Key charged residues in Cu,Zn superoxide dismutase (Cu,Zn SOD) promote electrostatic steering of the superoxide substrate to the active site Cu ion, resulting in dismutation of superoxide to oxygen and hydrogen peroxide, Lys-136, along with the adjacent residues Glu-132 and Glu-133, forms a proposed electrostatic triad contributing to substrate recognition. Human Cu,Zn SODs with single-site replacements of Lys-136 by Arg,Ala, Gln, or Glu or with a triple-site substitution (Glu-132 and Glu-133 to Gln and Lys-136 to Ala) were made to test hypotheses regarding contributions of these residues to Cu,Zn SOD activity. The structural effects of these mutations were modeled computationally and validated by the X-ray crystallographic structure determination of Cu,Zn SOD having the Lys-136-to-Glu replacement. Brownian dynamics simulations and multiple-site titration calculations predicted mutant reaction rates as well as ionic strength and pH effects measured by pulse-radiolytic experiments. Lys-136-to-Glu charge reversal decreased dismutation activity 50% from 2.2 x 10(9) to 1.2 x 10(9) M-1 s-1 due to repulsion of negatively charged superoxide, whereas charge-neutralizing substitutions (Lys-136 to Gln or Ala) had a less dramatic influence. In contrast, the triple-mutant Cu,Zn SOD (all three charges in the electrostatic triad neutralized) surprisingly doubled the reaction rate compared with wild-type enzyme but introduced phosphate inhibition. Computational and experimental reaction rates decreased with increasing ionic strength in all of the Lys-136 mutants, with charge reversal having a more pronounced effect than charge neutralization, implying that local electrostatic effects still govern the dismutation rates. Multiple-site titration analysis showed that deprotonation events throughout the enzyme are likely responsible for the gradual decrease in SOD activity above pH 9.5 and predicted a pKa value of 11.7 for Lys-136. Overall, Lys-136 and Glu-132 make comparable contributions to substrate recognition but are less critical to enzyme function than Arg-143, which is both mechanistically and electrostatically essential. Thus, the sequence-conserved residues of this electrostatic triad are evidently important solely for their electrostatic properties, which maintain the high catalytic rate and turnover of Cu,Zn SOD while simultaneously providing specificity by selecting against binding by other anions.

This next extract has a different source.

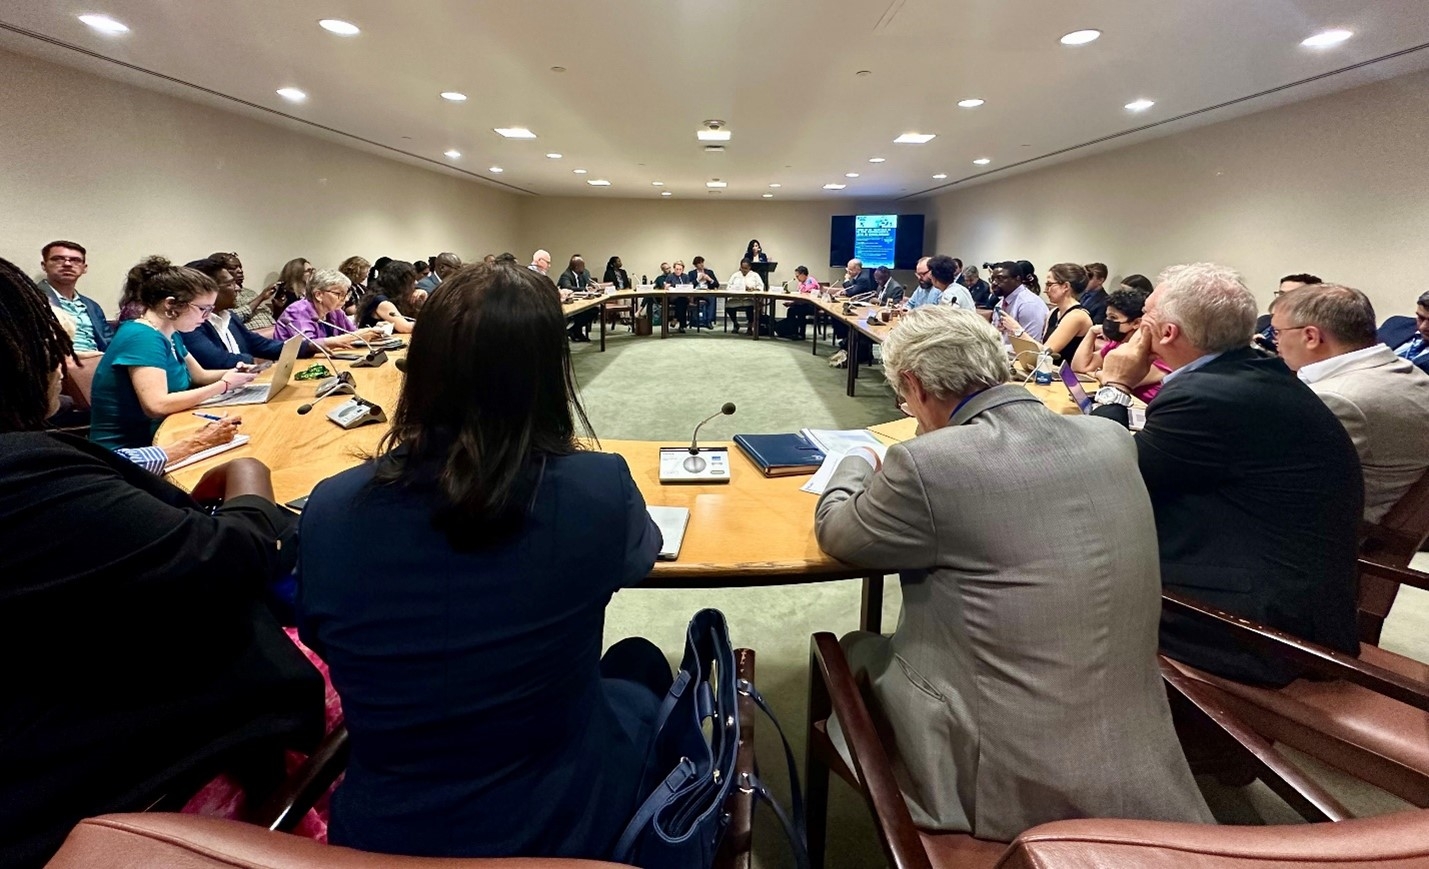 Director Rossi giving welcoming remarks for the official United States side event Turning the Tide: Scaling SDG for the Future, Reinforcing Access to Justice, and Advancing Democracy.

铜锌超氧化物歧化酶(Cu,Zn SOD)中的关键带电残基促进超氧化物底物向活性位点铜离子的静电导向,导致超氧化物歧化为氧气和过氧化氢。赖氨酸-136与相邻残基谷氨酸-132和谷氨酸-133形成一个推测的静电三联体,有助于底物识别。构建了用精氨酸、丙氨酸、谷氨酰胺或谷氨酸单点取代赖氨酸-136的人Cu,Zn SOD,或进行三点取代(谷氨酸-132和谷氨酸-133替换为谷氨酰胺,赖氨酸-136替换为丙氨酸),以检验这些残基对Cu,Zn SOD活性贡献的假设。通过对赖氨酸-136替换为谷氨酸的Cu,Zn SOD进行X射线晶体学结构测定,对这些突变的结构效应进行了计算建模和验证。布朗动力学模拟和多位点滴定计算预测了突变体的反应速率以及脉冲辐射实验测量的离子强度和pH效应。赖氨酸-136替换为谷氨酸的电荷反转使歧化活性从2.2×10⁹降至1.2×10⁹ M⁻¹ s⁻¹,降低了50%,这是由于带负电的超氧化物之间的排斥作用,而电荷中和取代(赖氨酸-136替换为谷氨酰胺或丙氨酸)的影响较小。相比之下,三联体突变的Cu,Zn SOD(静电三联体中的所有三个电荷均被中和)与野生型酶相比,反应速率惊人地提高了一倍,但引入了磷酸盐抑制作用。在所有赖氨酸-136突变体中,计算和实验得到的反应速率均随离子强度的增加而降低,电荷反转的影响比电荷中和更显著,这意味着局部静电效应仍然决定着歧化速率。多位点滴定分析表明,酶整体上的去质子化事件可能是导致pH 9.5以上SOD活性逐渐降低的原因,并预测赖氨酸-136的pKa值为11.7。总体而言,赖氨酸-136和谷氨酸-132对底物识别的贡献相当,但对酶功能的重要性低于精氨酸-143,精氨酸-143在机制和静电方面都是必不可少的。因此,这个静电三联体中序列保守的残基显然仅因其静电性质而重要,这些性质维持了Cu,Zn SOD的高催化速率和周转率,同时通过阻止其他阴离子的结合提供特异性。